[Data segment — start]
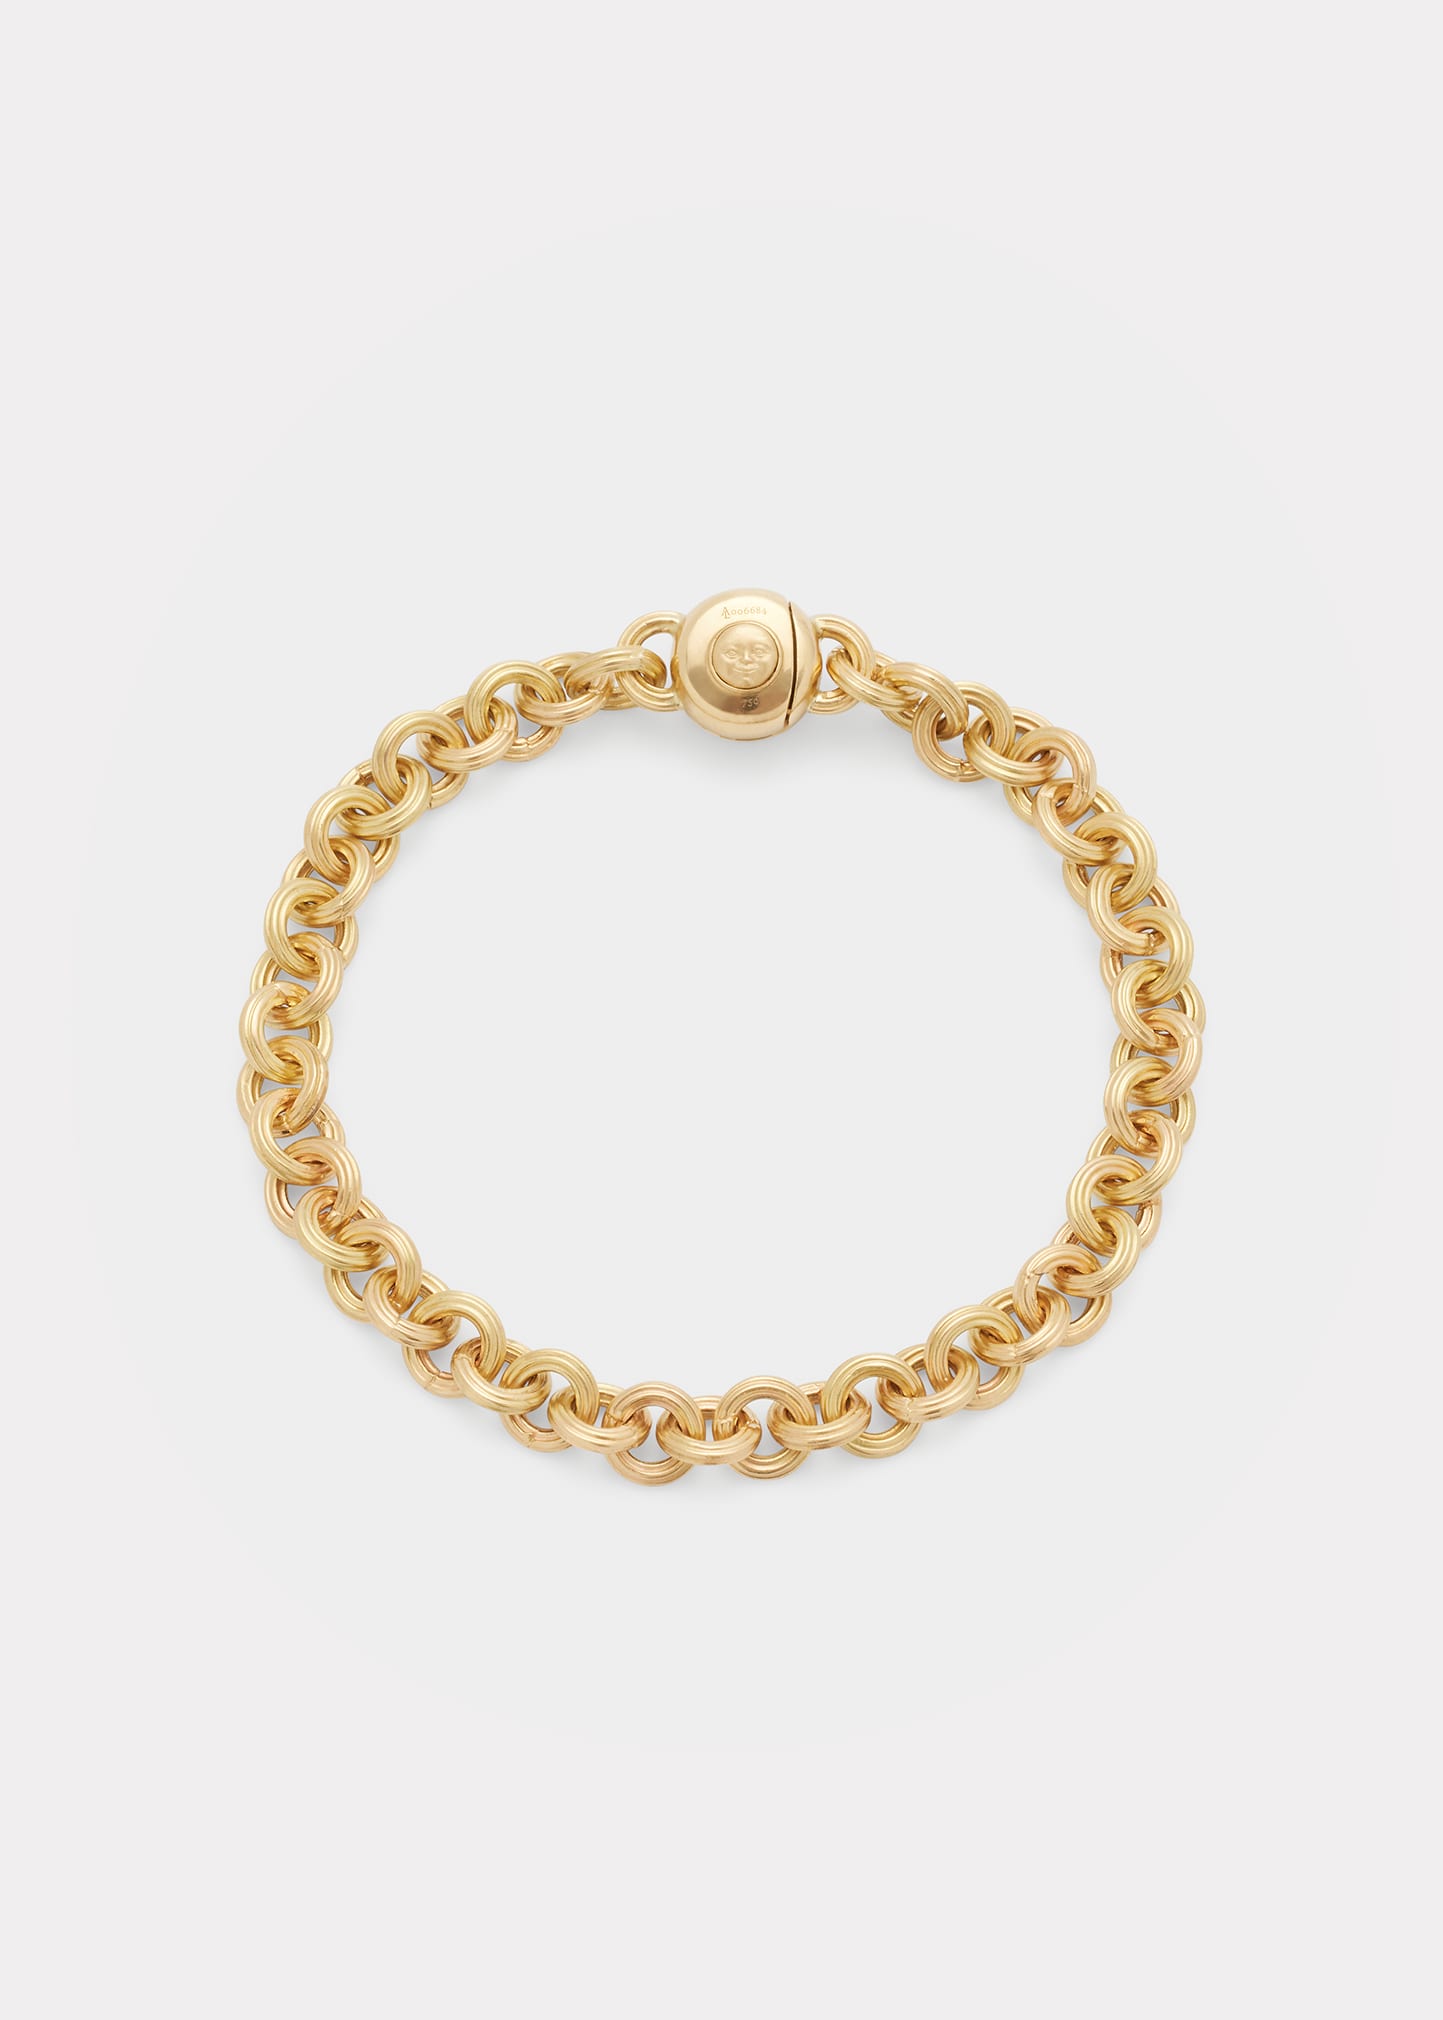 Moon Chain Bracelet in 18k Gold with Diamonds
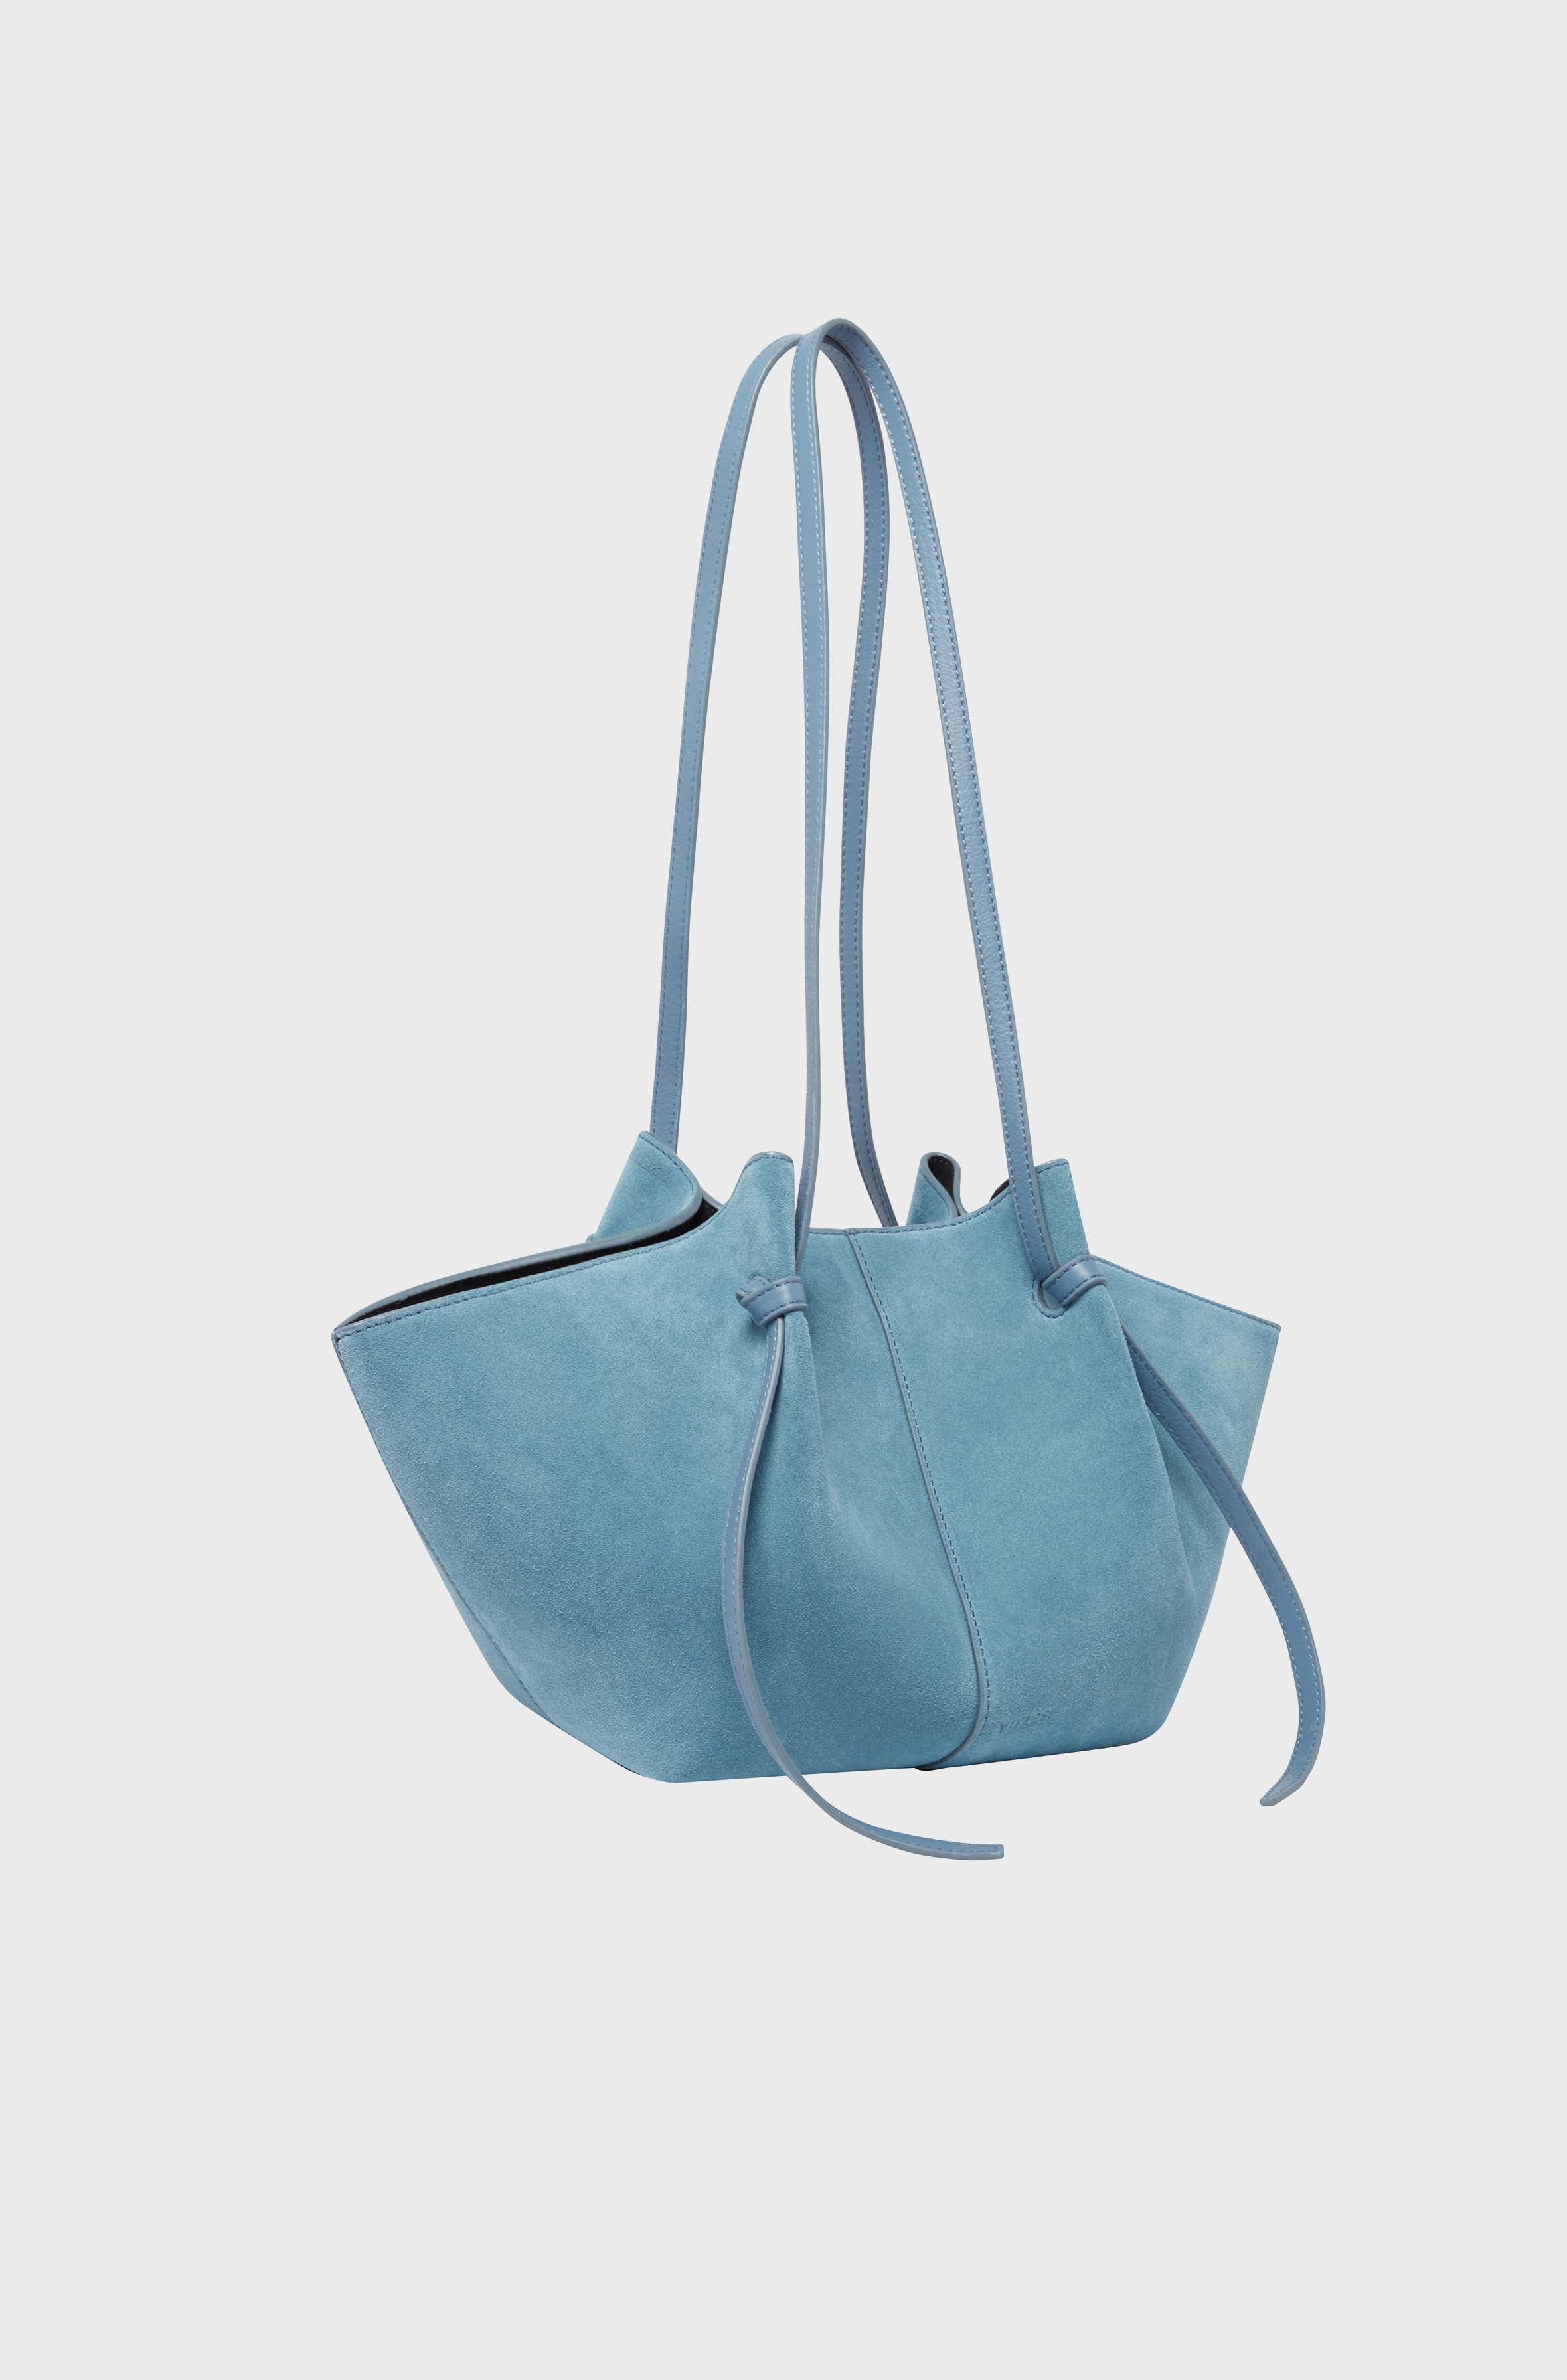 UhfmrShops, Yuzefi woven leather tote bag Blue
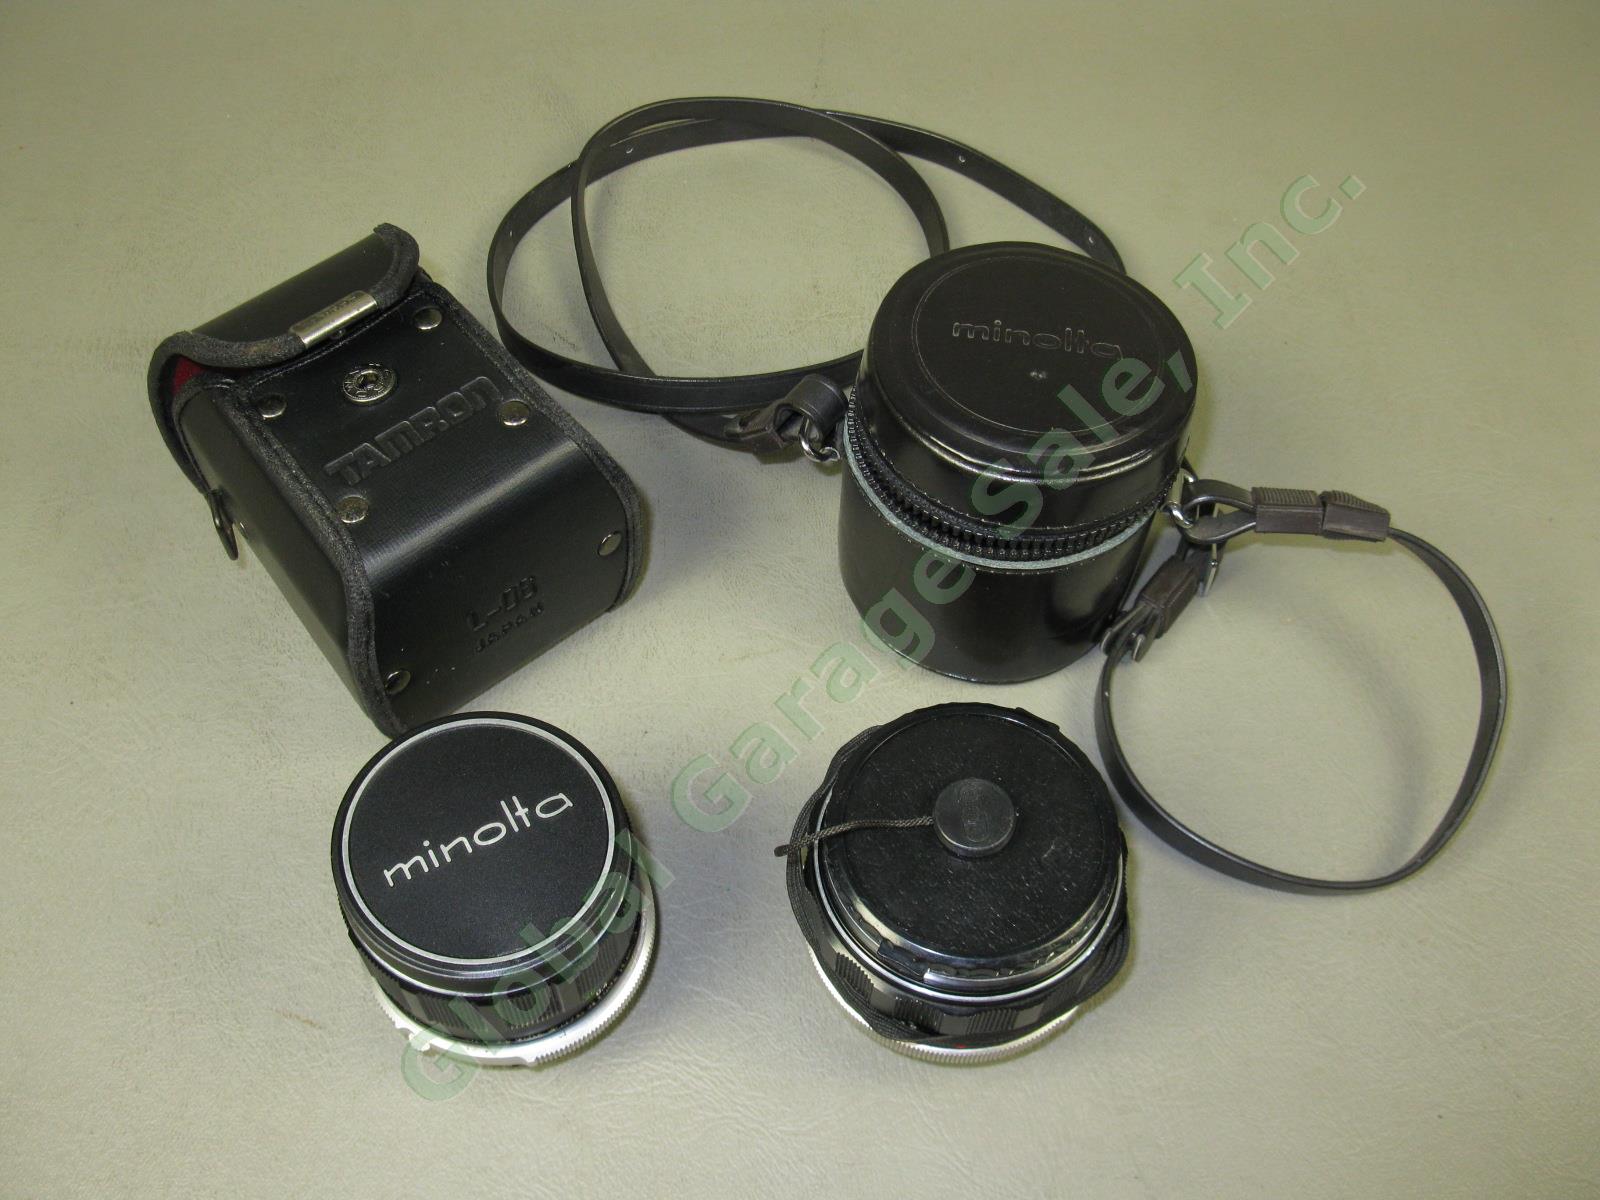 2 Minolta Camera Lens Lot Case Bundle MC W Rokkor-HG 2.8 35mm PF 1.4 58mm Tamron
[Data segment — finish]
> _Exercise description_
All the data above is to be transcribed exactly, with no pictures included.

> _Reply_
 Moon Chain Bracelet in 18k Gold with Diamonds
 UhfmrShops, Yuzefi woven leather tote bag Blue
 2 Minolta Camera Lens Lot Case Bundle MC W Rokkor-HG 2.8 35mm PF 1.4 58mm Tamron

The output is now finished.